Monday, September 24, 2012

QQ: an IM, also a Platform for Social Networking

This article is written on Sep 24, 2012 and modified significantly on Sep 25, 2012.


Recap on Lecture Notes: the Definition of Social Networking

"- The process of building online communities, often accomplished both through 'groups' and 'friends lists' that allow greater interaction on websites. 
 - Is a process of building relationship over the web."
When I was reading the definition above, I categorized email and instant messenger as social networking very naturally, since I think there are groups and lists for email and IM, and we could build relationship there. It really surprised me when I realized that many people are against this view. But there are classmates agree with me as well. Guan Hao also think email is a kind of social networking and writes a blog on it. 


What is Social Networking Exactly?

The definition on our notes is a little bit sketchy and ambiguous. To clarify it, I follow the link on lecture notes and find more detail about social networking. According to Daniel Nation's article, social networking is:
"Based on a certain structure that allow people to both express their individuality and meet people with similar interests. This structure includes having profiles, friends, blog posts, widgets..."
If we follow this specification on the architecture of social networking, perhaps we still have disagreements on whether email is social networking or not. How about IM? As there are too many different IMs, let's narrow it down and focus on Tencent QQ, which is an IM of most widely used in mainland China.


Is QQ a Kind of Social Networking?


Well,  let's check the following facts first:

1. Users have their profiles and friends.

2. In the early version, there are chatting rooms built in OICQ, they are grouped into different categories, such as teenagers' room, which enables people could meet people with similar interests. In fact, many beautiful stories about online love affairs began here at that time. 

3. Group chatting was QQ's another important function for social networking. Different from chatting room (whose categories and names are given by the Tencent administrators), groups builders and administrators are users. Each group's members may share some attribution or have same interest, say, CUHK MSc IE students 2012 group, and I met some new friends there.

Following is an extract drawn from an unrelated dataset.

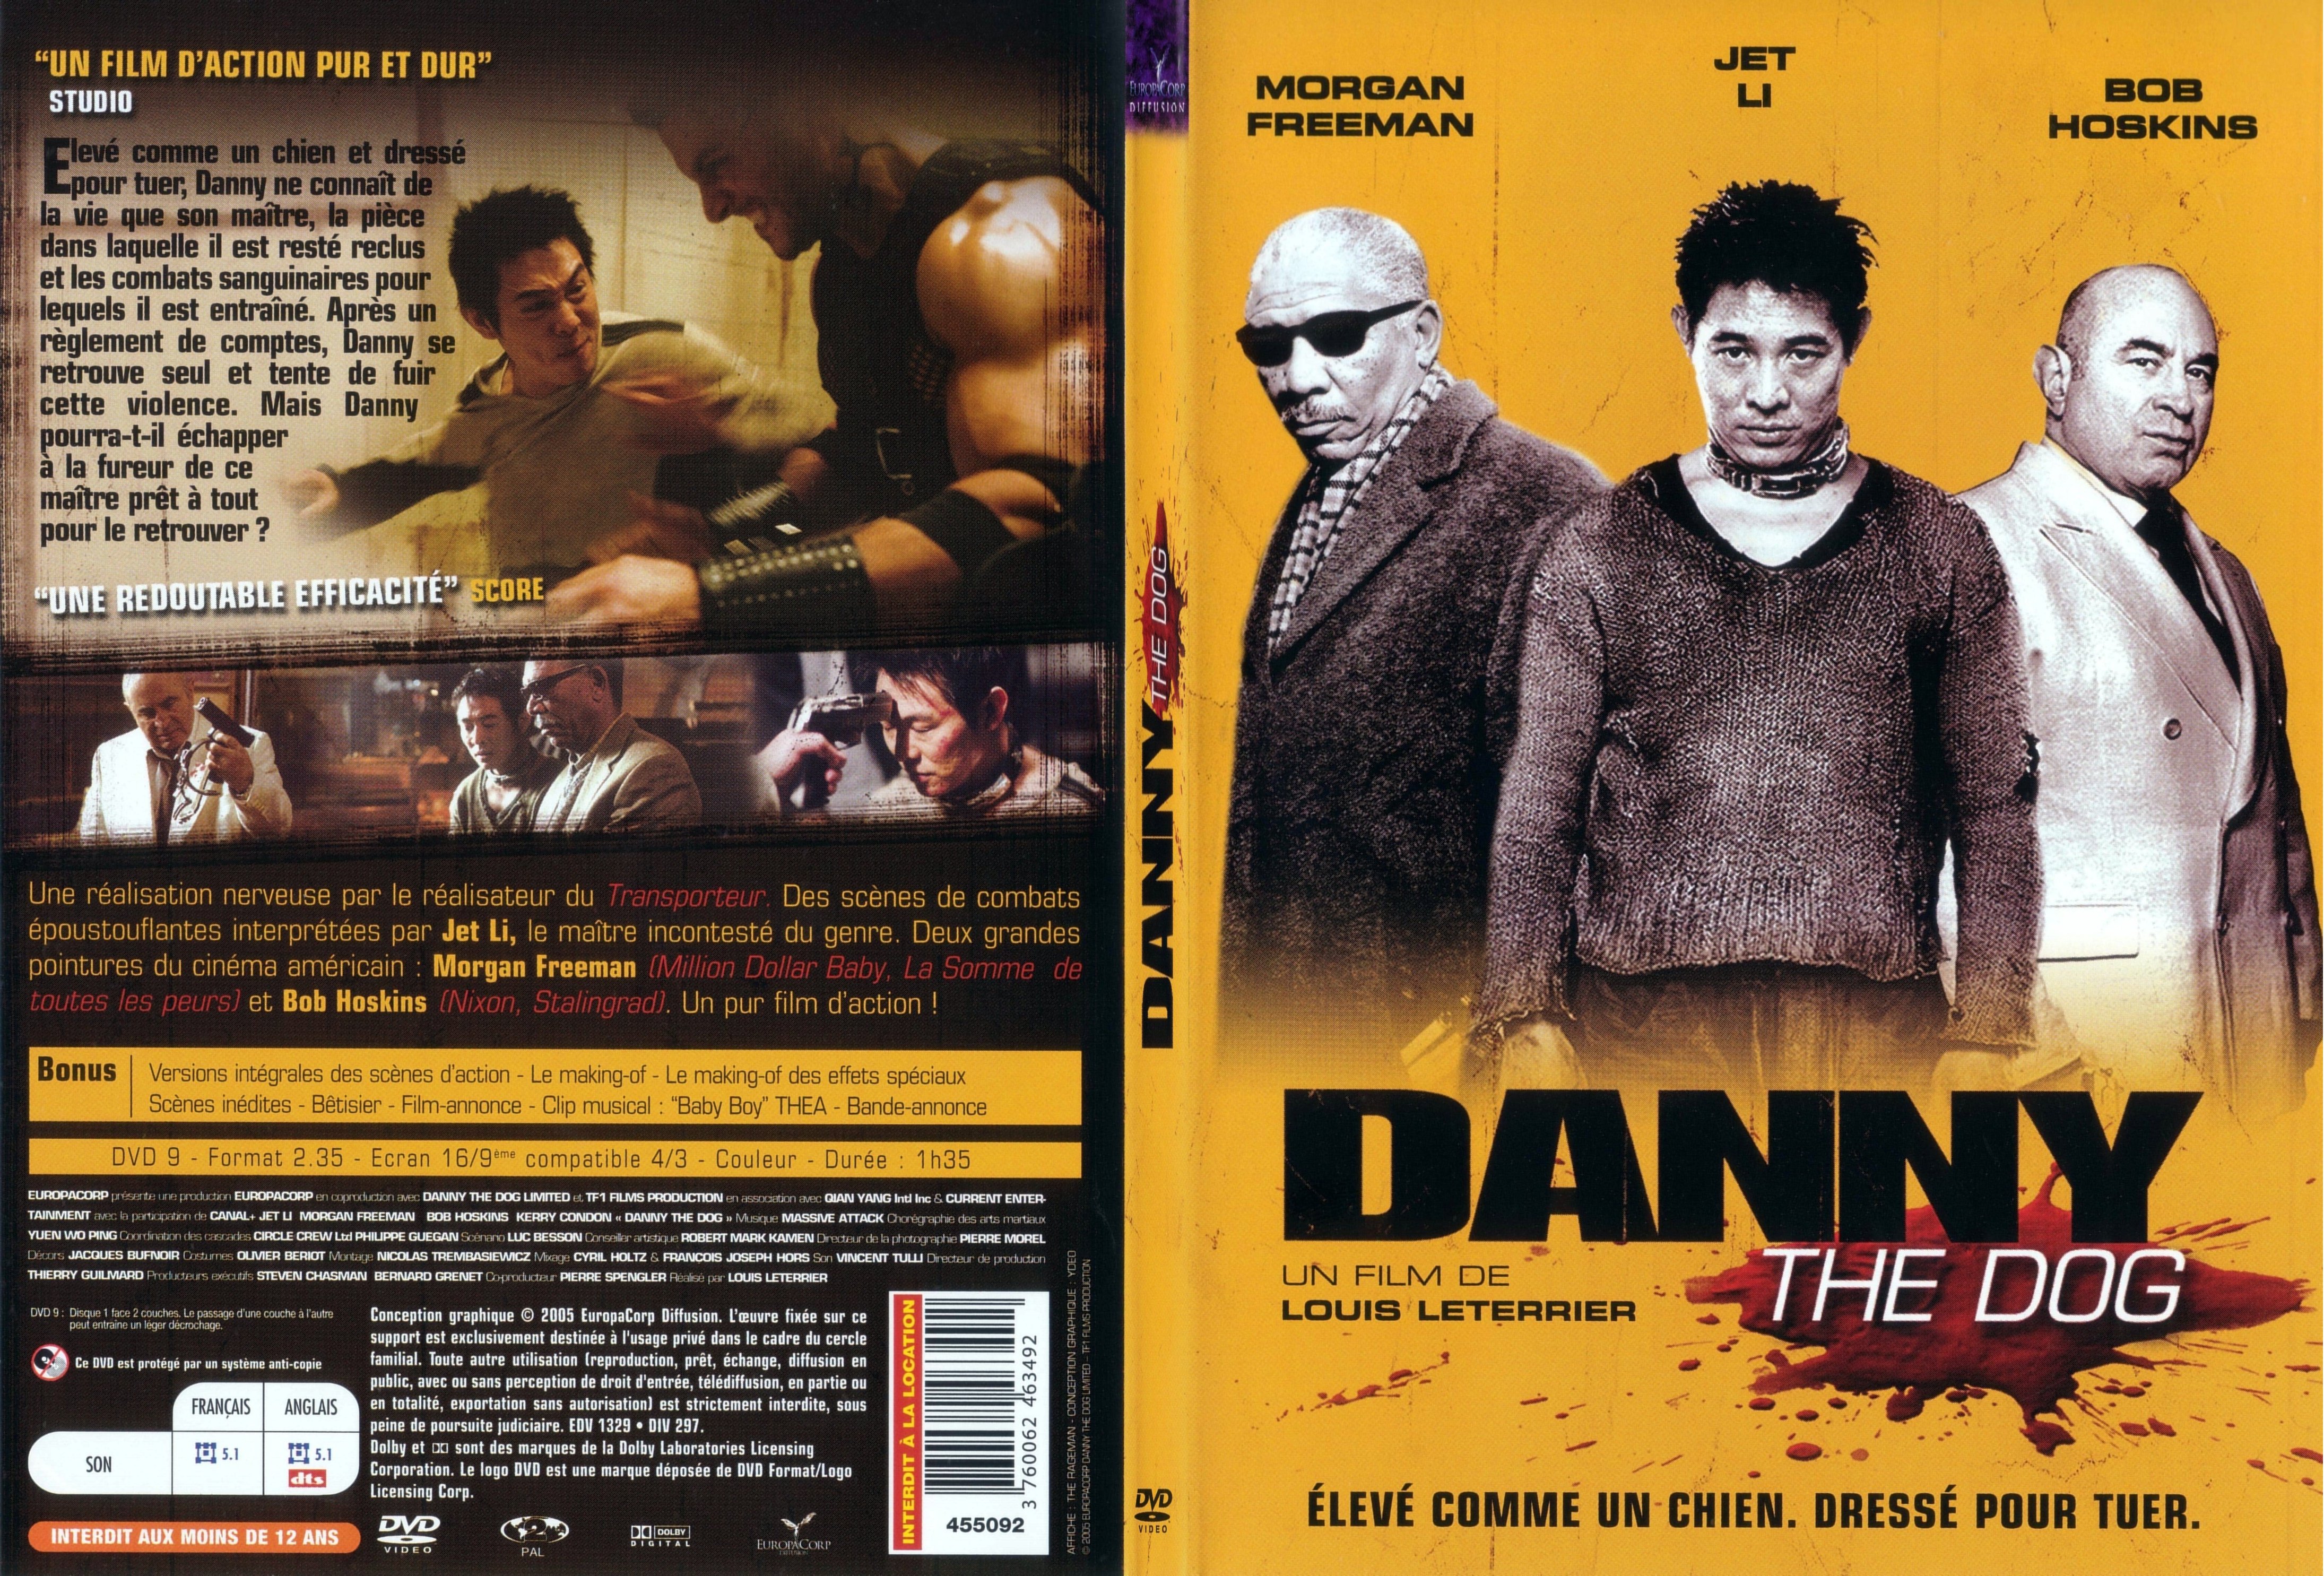 Jaquette DVD Danny the dog - SLIM

4. Bound tightly with QQ, Qzone is introduced in 2005. Users could write blogs there, and any latest updates on Qzone will be displayed on their profiles of QQ. Friends' update also could be pushed to users.

5. Recently, QQ 2012 add another function called "Circle" (Does it sound familiar?). 


QQ Circle: Does it look like another "fake clone"(山寨)  from g+ circle?


As the features match all the requirements of social networking, I suppose there is no reason to deny QQ is a social networking platform.